EXERCISE REQUIREMENTS >> In the records below, the part to copy starts at the line containing "Quinoa blanca lavada" and goes to the last line; output it exactly, without pictures.

/---

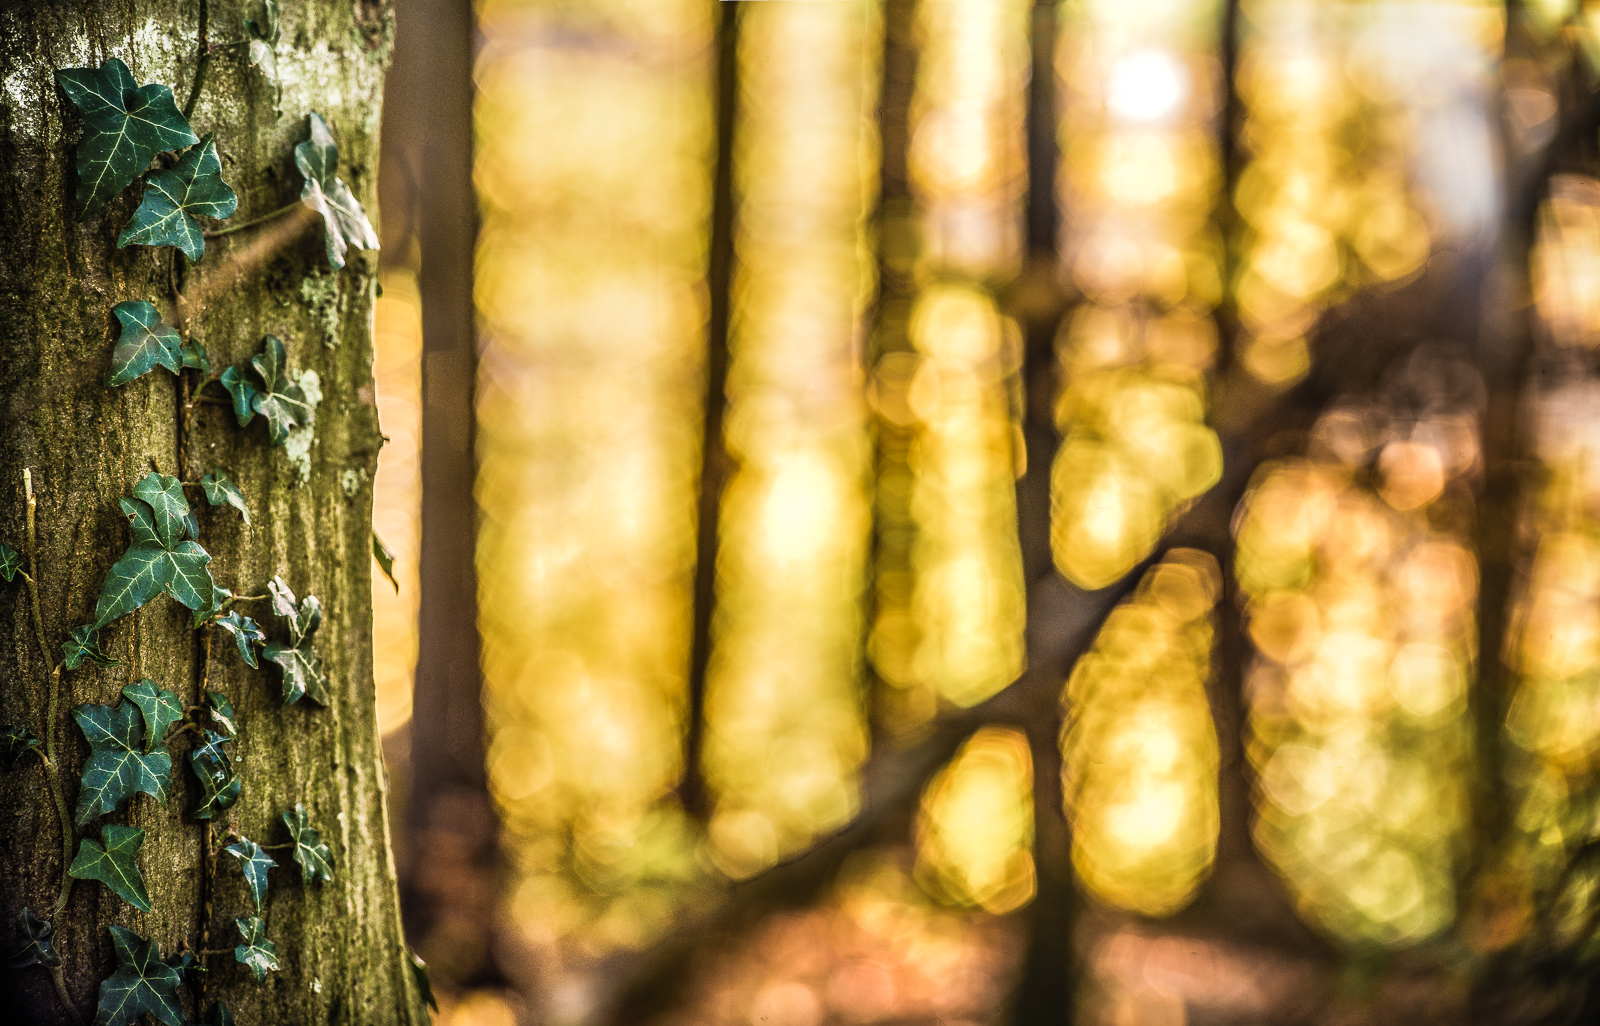 Am linken Bildrand ein mit Efeu berankter Baumstamm in engem Ausschnitt. Hinten in starker Unschärfe sechs aufrecht stehende und ein gekippter Baumstamm, zwischen denen intensiv goldenes Licht hindurchstrahlt.
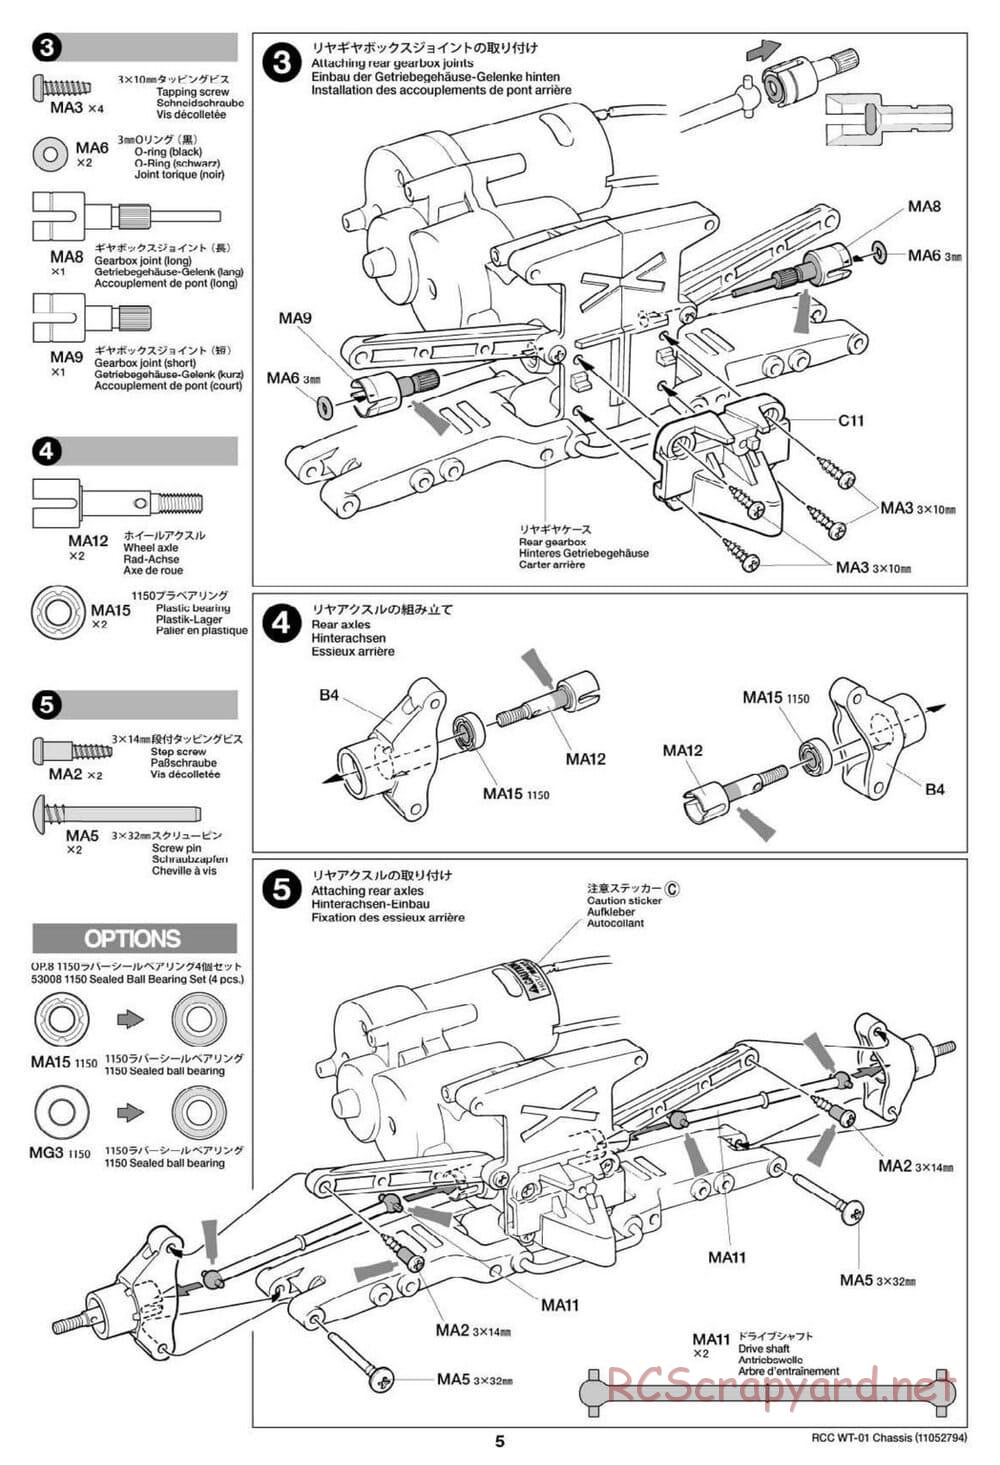 Tamiya - WT-01 Chassis - Manual - Page 5
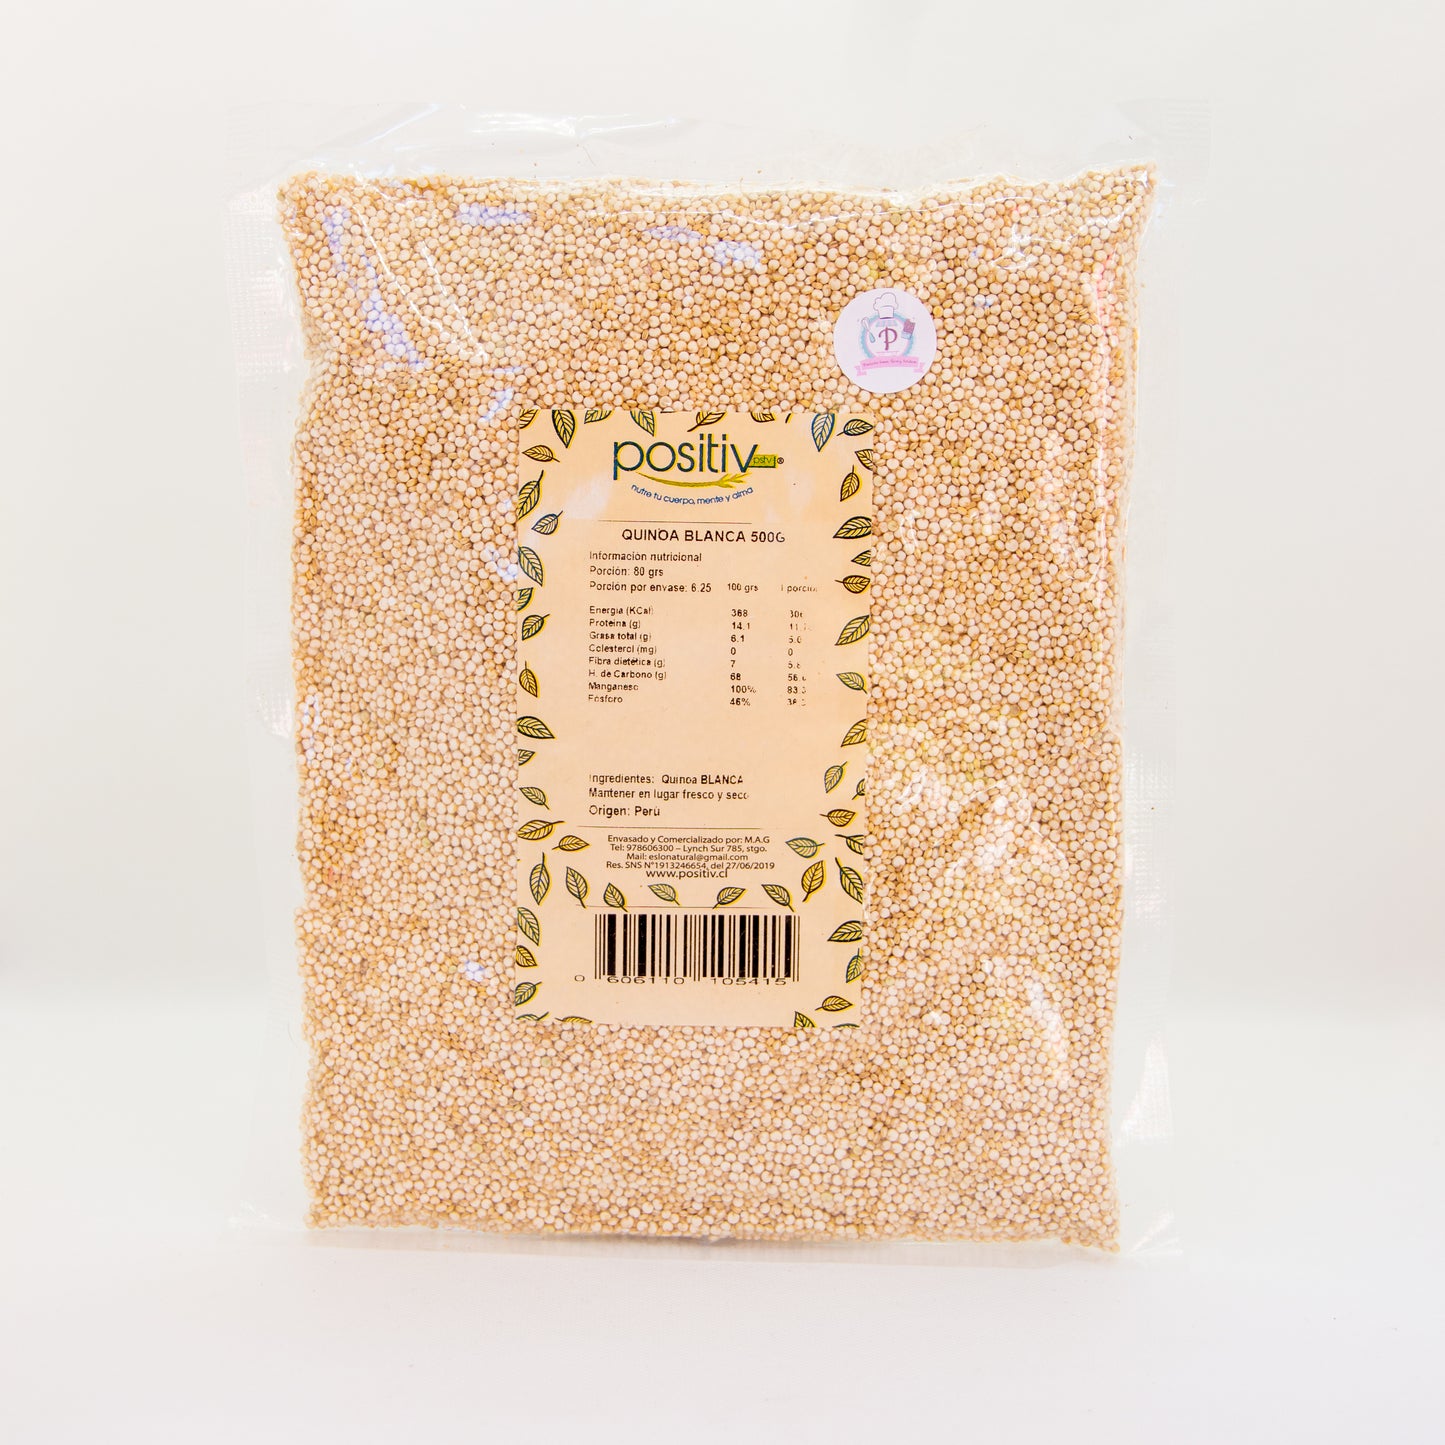 Quinoa blanca lavada "Positiv" - 500gr
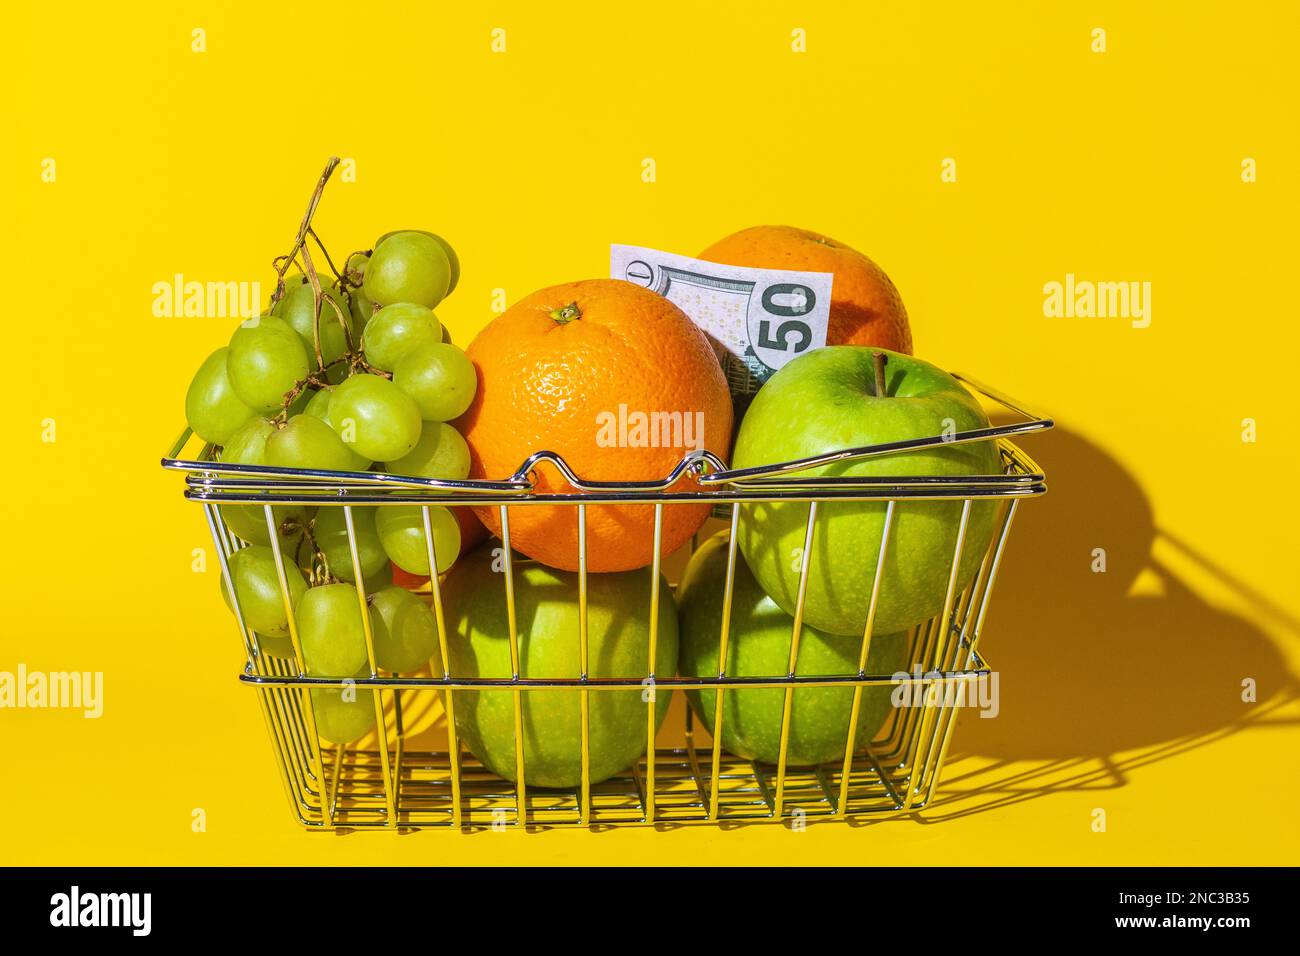 cestino supermercato carrello con frutta e dollari, frutta per cibo e denaro, carta rotonda multicolore, si trovano in un cestino sulla superficie del giallo Foto Stock
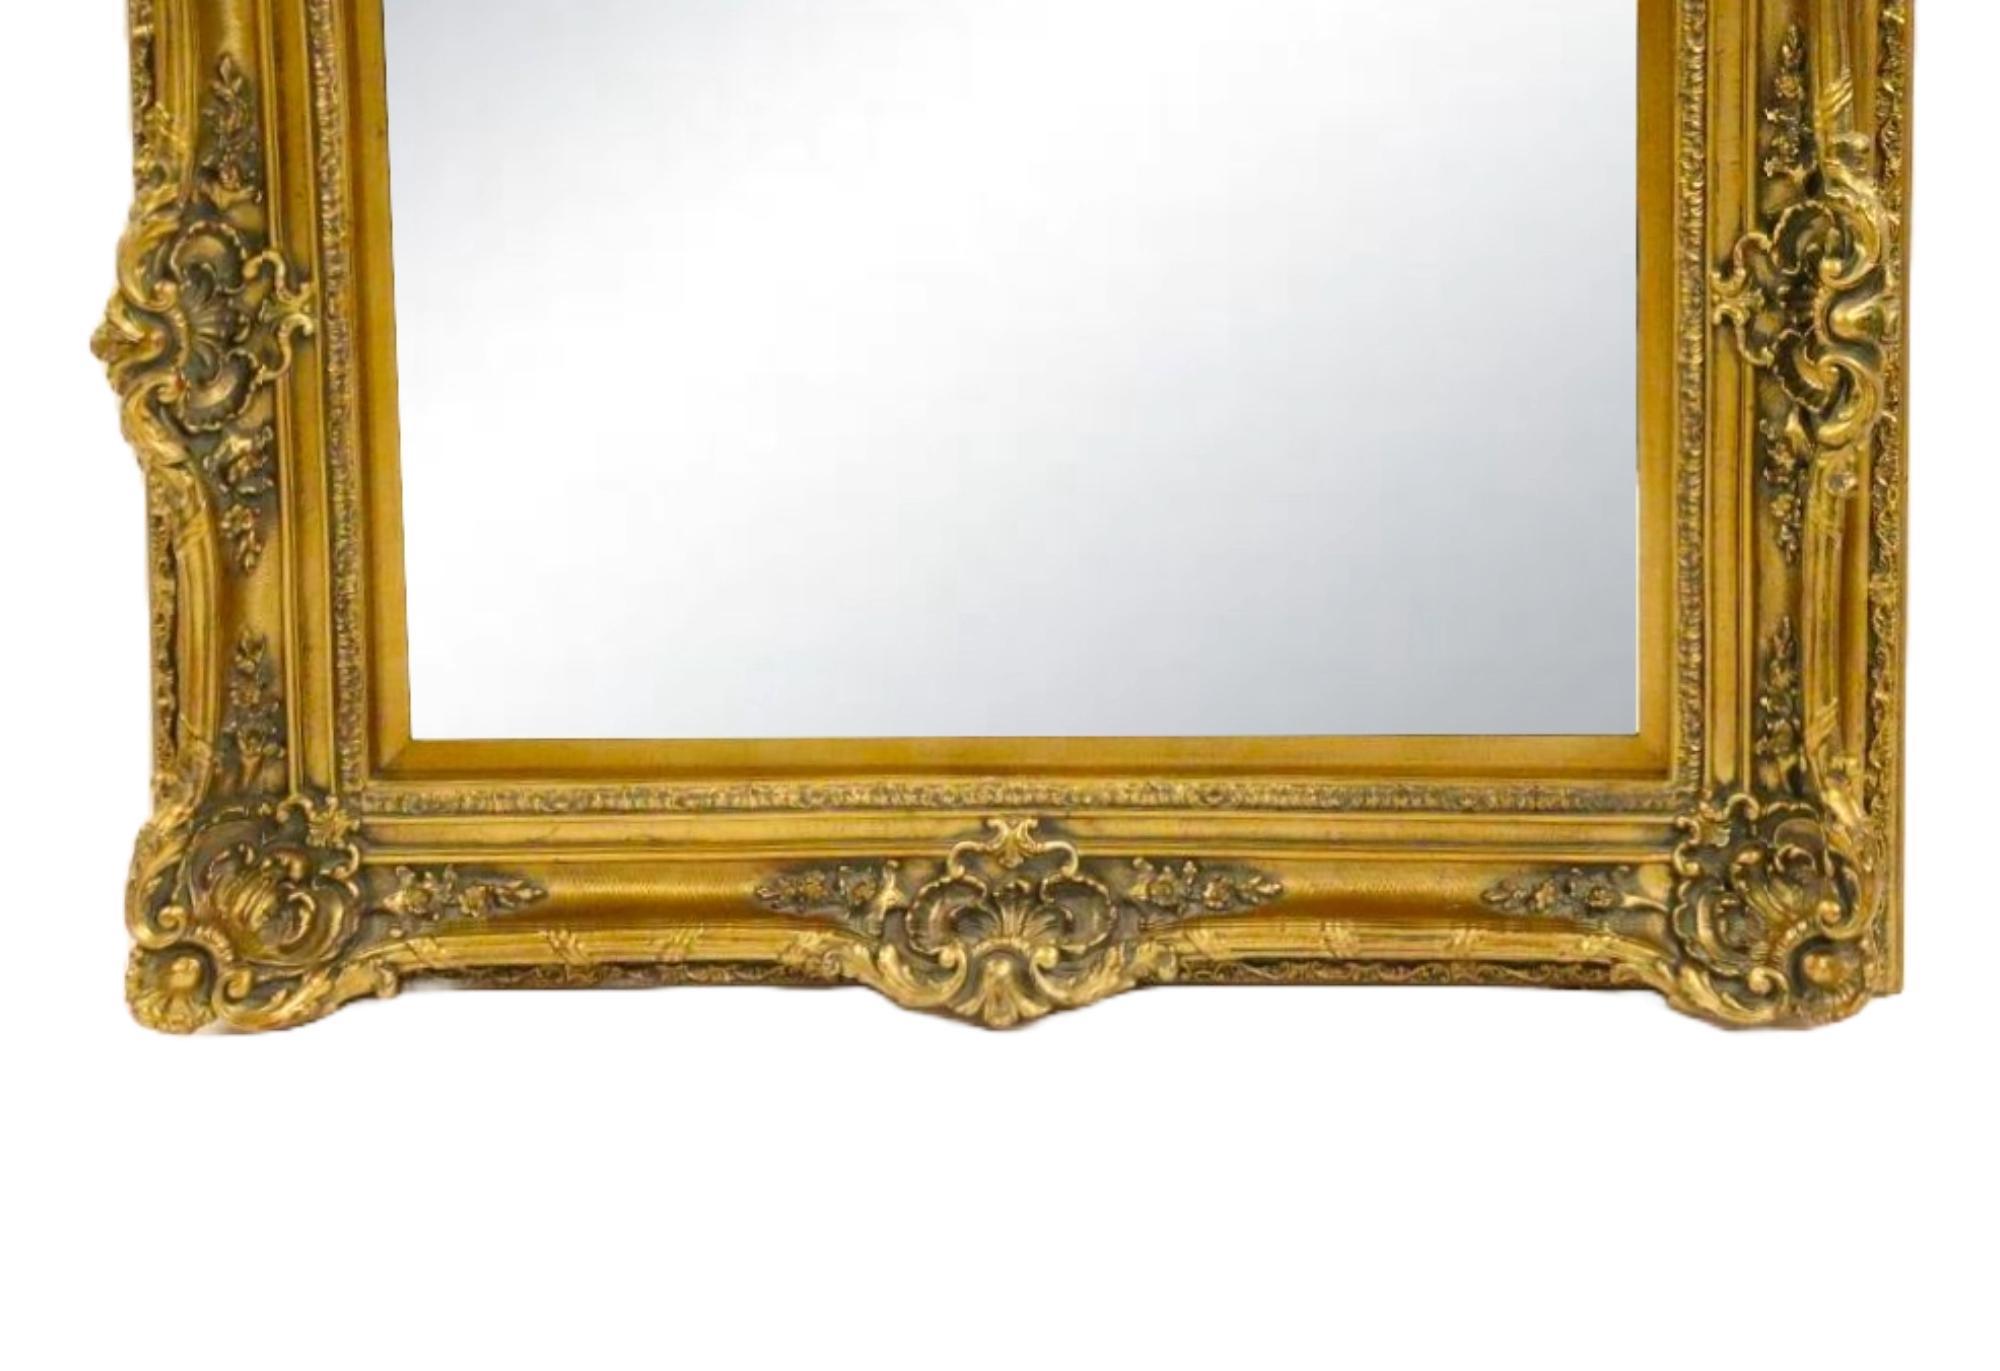 Ce miroir mural encadré en bois doré, sculpté à la main, rehausse votre décoration intérieure. Le cadre est orné d'un motif floral richement décoré, réalisé de manière experte pour créer un impact visuel époustouflant.
Ce grand miroir de qualité

\---

YOUR SOLUTION >>
 Quinoa blanca lavada "Positiv" - 500gr
 cestino supermercato carrello con frutta e dollari, frutta per cibo e denaro, carta rotonda multicolore, si trovano in un cestino sulla superficie del giallo Foto Stock
 Ce miroir mural encadré en bois doré, sculpté à la main, rehausse votre décoration intérieure. Le cadre est orné d'un motif floral richement décoré, réalisé de manière experte pour créer un impact visuel époustouflant.
Ce grand miroir de qualité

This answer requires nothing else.